In clinical settings, rapamycin has been linked to gastrointestinal issues such as nausea and diarrhea, particularly within the first month of therapy. Dermatological side effects, including acne and facial rash, have also been observed, with some patients experiencing these symptoms more frequently over the first year of treatment .
Rapamycin disrupts triglyceride metabolism, leading to hypertriglyceridemia and increased plasma free fatty acids. This disruption is due to alterations in the insulin signaling pathway, which also results in higher fasting plasma glucose levels. Additionally, in animal studies, higher doses of rapamycin have been associated with focal myocardial infarction, although lower doses did not show signs of myocardial toxicity.

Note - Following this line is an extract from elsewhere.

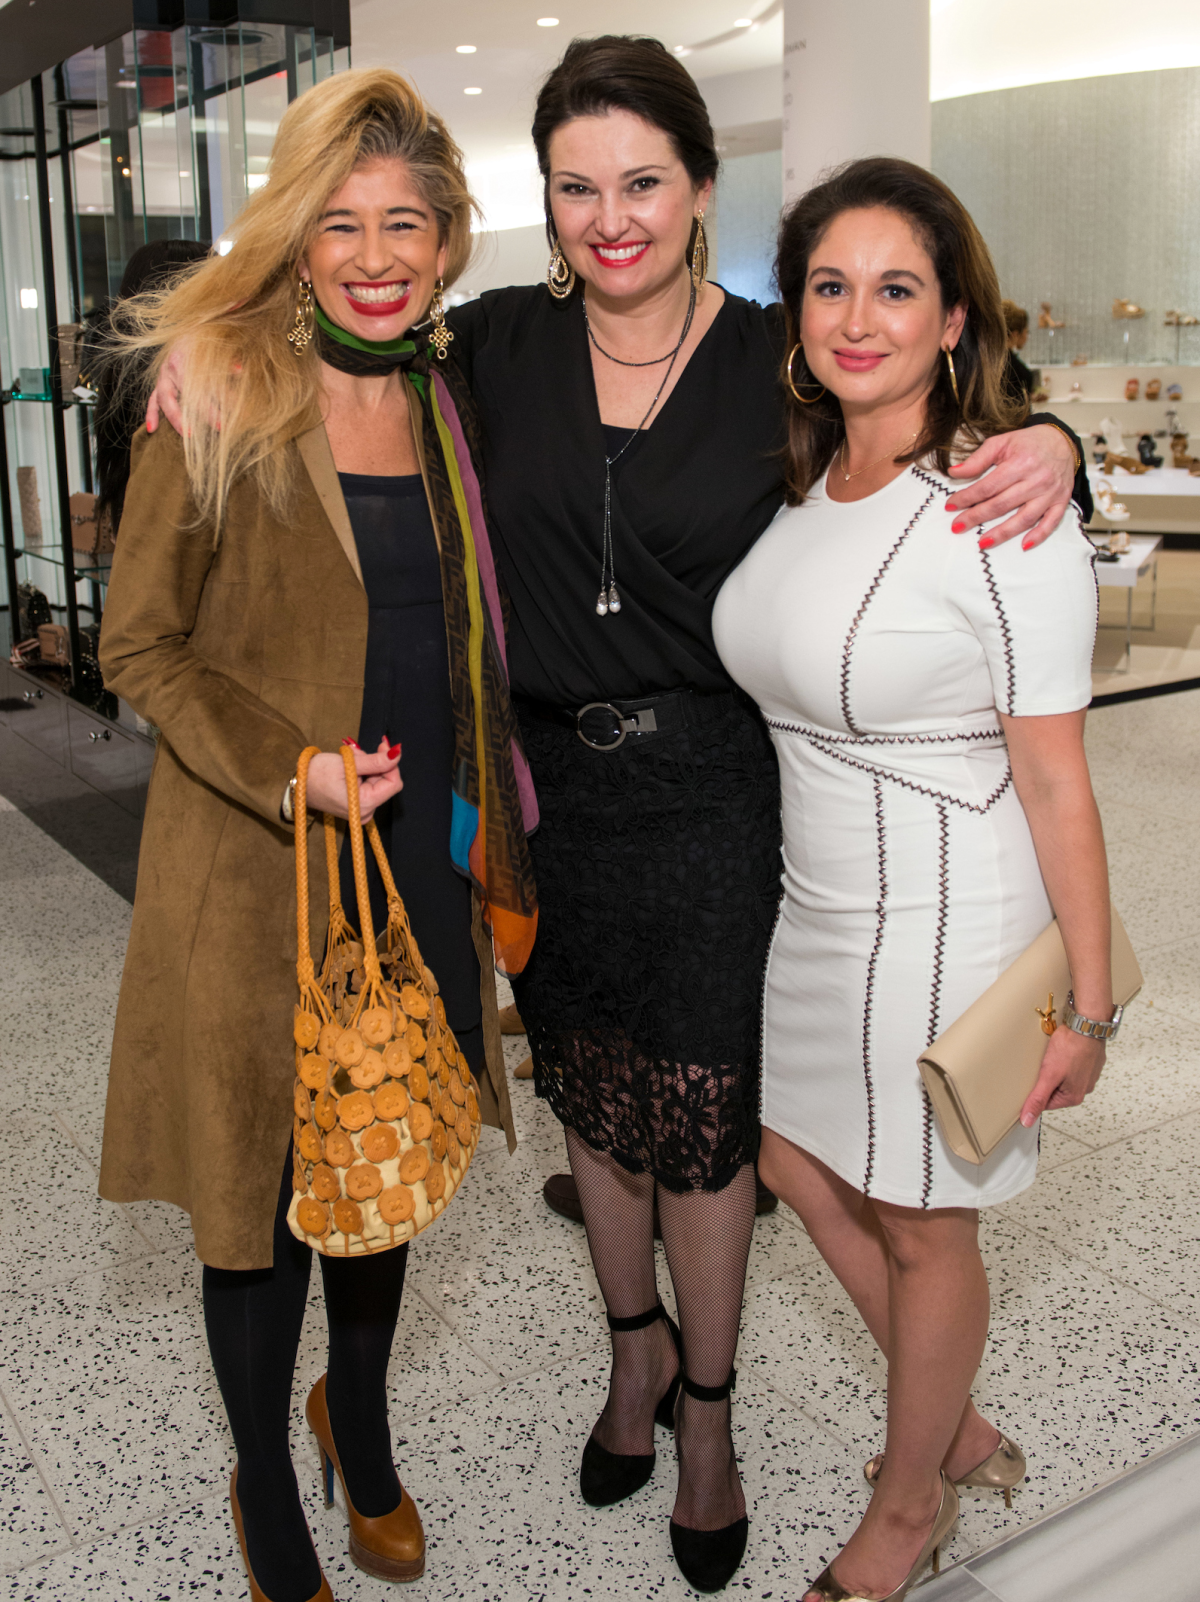 Houston, Latin Women's Initiative Fashion Show and Luncheon, feb 2017, Sofia Androgue, Claudia Lobao, Michelle Fraga

As an immunosuppressant, rapamycin can lead to immunosuppression, which may increase the risk of infections. However, studies have shown that intermittent dosing schedules or the use of rapamycin analogs can mitigate these effects, reducing the impact on glucose tolerance and the immune system .
In a study involving older adults, rapamycin treatment was associated with significant decrements in several erythrocyte parameters, including hemoglobin and hematocrit levels. These changes, however, did not manifest clinically significant effects during the short duration of the study.
Rapamycin has been shown to protect ovarian reserves against chemotherapy-induced damage by inhibiting the activation of primordial follicles without obvious side effects. Conversely, it impedes lymphangiogenesis, which can lead to prolonged wound edema and other lymphatic complications.
Research suggests that alternative dosing regimens and the use of rapamycin analogs can reduce the severity of side effects. For instance, intermittent dosing schedules have been found to minimize effects on glucose tolerance and immune function. Additionally, local delivery methods, such as rapamycin-loaded subcapsular microspheres, have shown promise in reducing systemic side effects while maintaining therapeutic efficacy.
While rapamycin offers significant therapeutic benefits, its use is accompanied by a variety of side effects that can impact multiple organ systems. Understanding these side effects and exploring strategies to mitigate them is crucial for optimizing rapamycin therapy. Further research and tailored treatment regimens may help in reducing the adverse effects, thereby enhancing the overall safety and efficacy of rapamycin.